Valid Inference for Machine Learning Model Parameters
Neil Dey, Jonathan P. Williams
TL;DR
This work tackles uncertainty quantification for machine learning model parameters, specifically the risk minimizer $θ_0$, using only training data and under weak distributional assumptions. It introduces an inferential framework that relies on a uniform convergence property and defines the set of $ε$-almost ERMs $Θ_S^ε$ as finite-sample, $1-α$ level confidence sets for $θ_0$, with extensions to noncompact parameter spaces through neighborhoods $Θ_0^δ$. By viewing these confidence sets as random sets, the authors adopt imprecise-probability concepts and develop belief and plausibility functions, enabling region-level inference; bootstrapping provides practical approximations to the distribution of these sets and yields asymptotically valid plausibilities and p-values for hypotheses about $θ_0$. A key comparison with Generalized Inferential Models shows that the proposed approach delivers finite-sample guarantees and explicit power behavior, while requiring weaker modeling assumptions. Overall, the framework offers principled, region-specific hypothesis testing and tuning-parameter inference for ML models without relying on strong population-level distributional information, with broad applicability across models that satisfy uniform convergence.
Abstract
The parameters of a machine learning model are typically learned by minimizing a loss function on a set of training data.

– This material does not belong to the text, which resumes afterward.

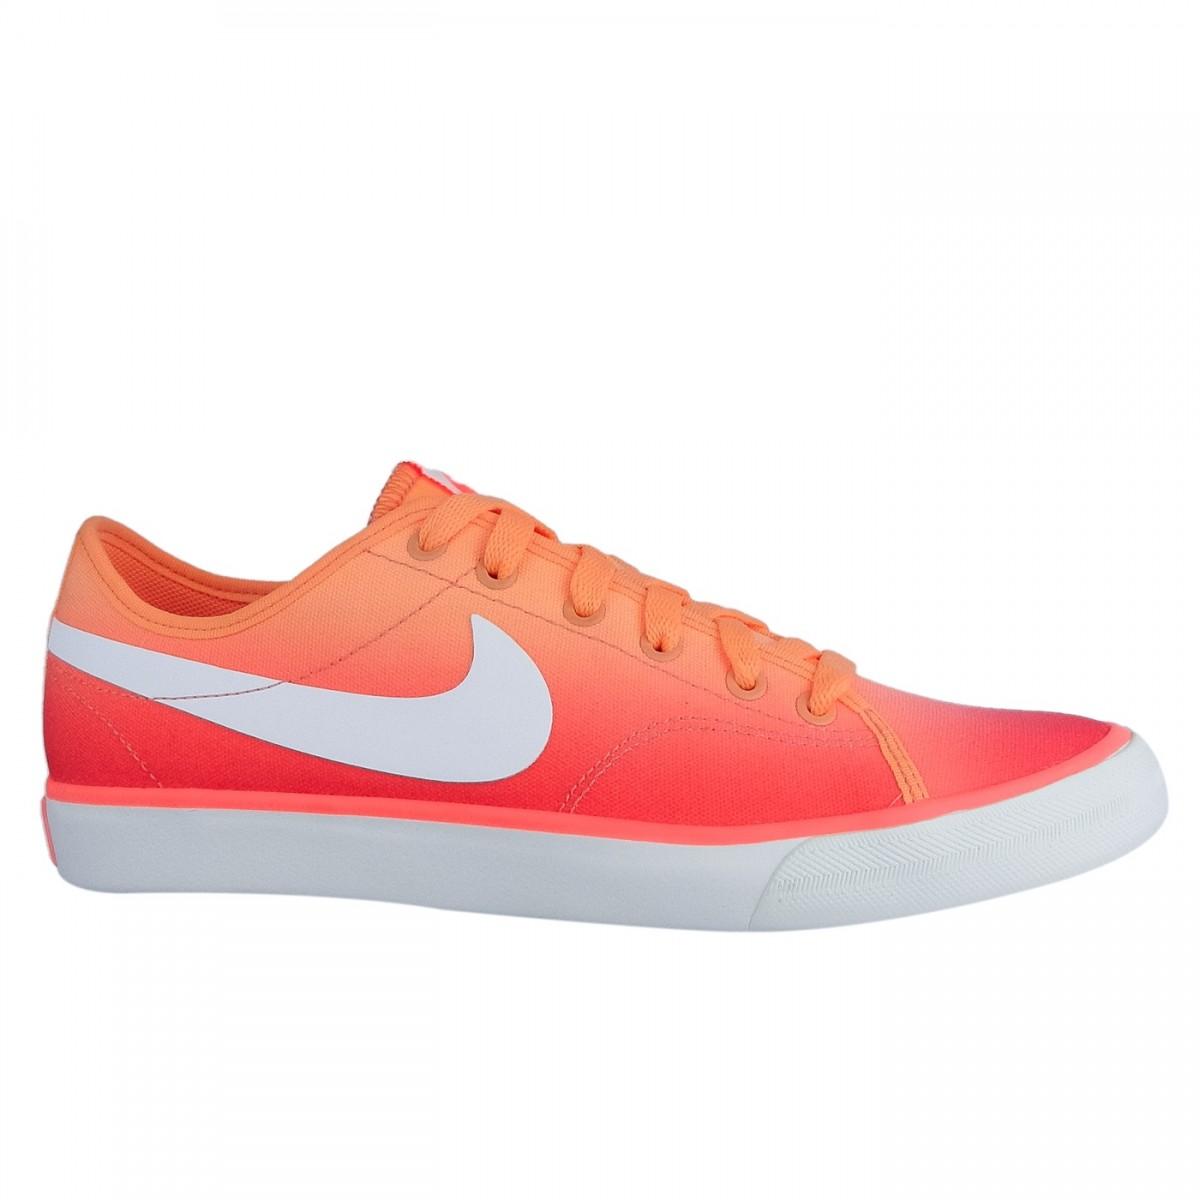 Tênis Feminino Nike Primo Court Canvas Pin 654652-001 - Laranja ... 07aff8f67992f

However, this can come with the risk of overtraining; in order for the model to generalize well, it is of great importance that we are able to find the optimal parameter for the model on the entire population -- not only on the given training sample. In this paper, we construct valid confidence sets for this optimal parameter of a machine learning model, which can be generated using only the training data without any knowledge of the population. We then show that studying the distribution of this confidence set allows us to assign a notion of confidence to arbitrary regions of the parameter space, and we demonstrate that this distribution can be well-approximated using bootstrapping techniques.